Minor Michael E, Morrissey Nicholas J, Peress Richard, Carroccio Alfio, Ellozy Sharif, Agarwal Gautam, Teodorescu Victoria, Hollier Larry H, Marin Michael L
Department of Surgery, Division of Vascular Surgery, The Mount Sinai School of Medicine, New York, NY 10029, USA.
J Vasc Surg. 2004 Apr;39(4):893-6. doi: 10.1016/j.jvs.2003.10.056.
Iatrogenic aortic injuries after spinal surgery have been described, but are rare. We describe a case of a 77-year-old woman who underwent surgical correction of a debilitating spinal deformity at an outside institution. Postoperative thoracic spine radiographs and computed tomography scans revealed a misplaced pedicle screw at T5, which was impinging on the descending thoracic aortic wall. The patient was brought to the operating room, where a thoracic stent graft was deployed under fluoroscopic guidance as the malpositioned screw was manually retracted.
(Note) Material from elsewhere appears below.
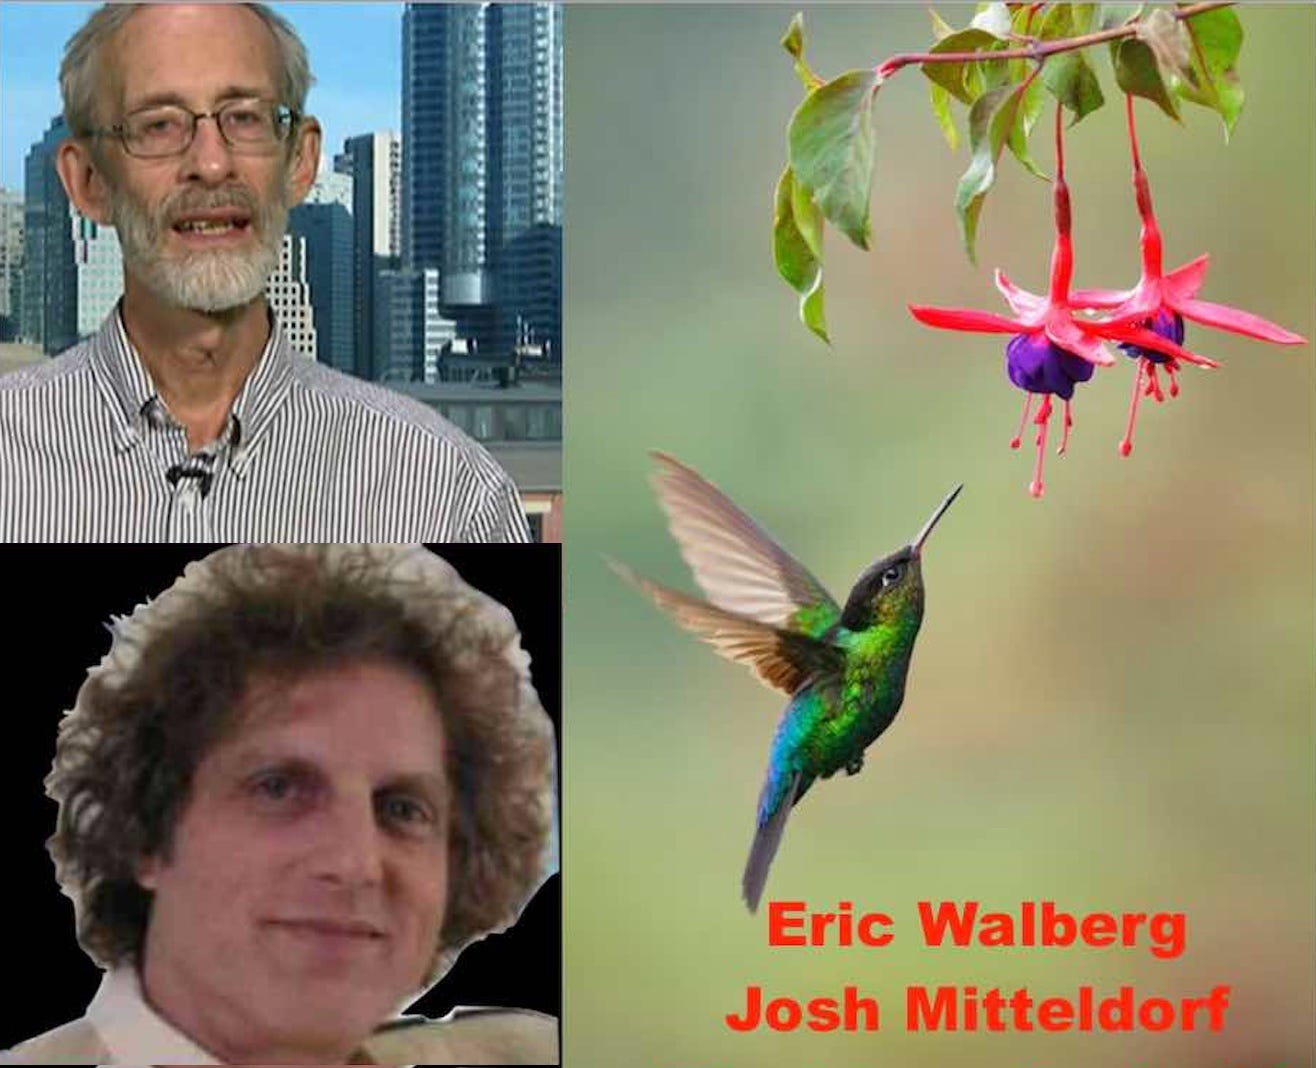 “The Evolution of Beauty” with Eric Walberg and Josh Mitteldorf

The patient had an uneventful postoperative course, and was discharged within 24 hours. This case represents a rare but potentially morbid vascular complication of spinal instrumentation surgery that was successfully treated without the need for thoracotomy.
脊柱手术后医源性主动脉损伤已有报道,但较为罕见。我们描述了一例77岁女性患者,她在外部机构接受了严重脊柱畸形的手术矫正。术后胸椎X线片和计算机断层扫描显示T5椎弓根螺钉位置不当,压迫胸降主动脉壁。患者被送往手术室,在透视引导下置入胸主动脉覆膜支架,同时手动回撤位置不当的螺钉。患者术后恢复顺利,24小时内出院。该病例代表了脊柱内固定手术一种罕见但可能致命的血管并发症,无需开胸手术即成功治疗。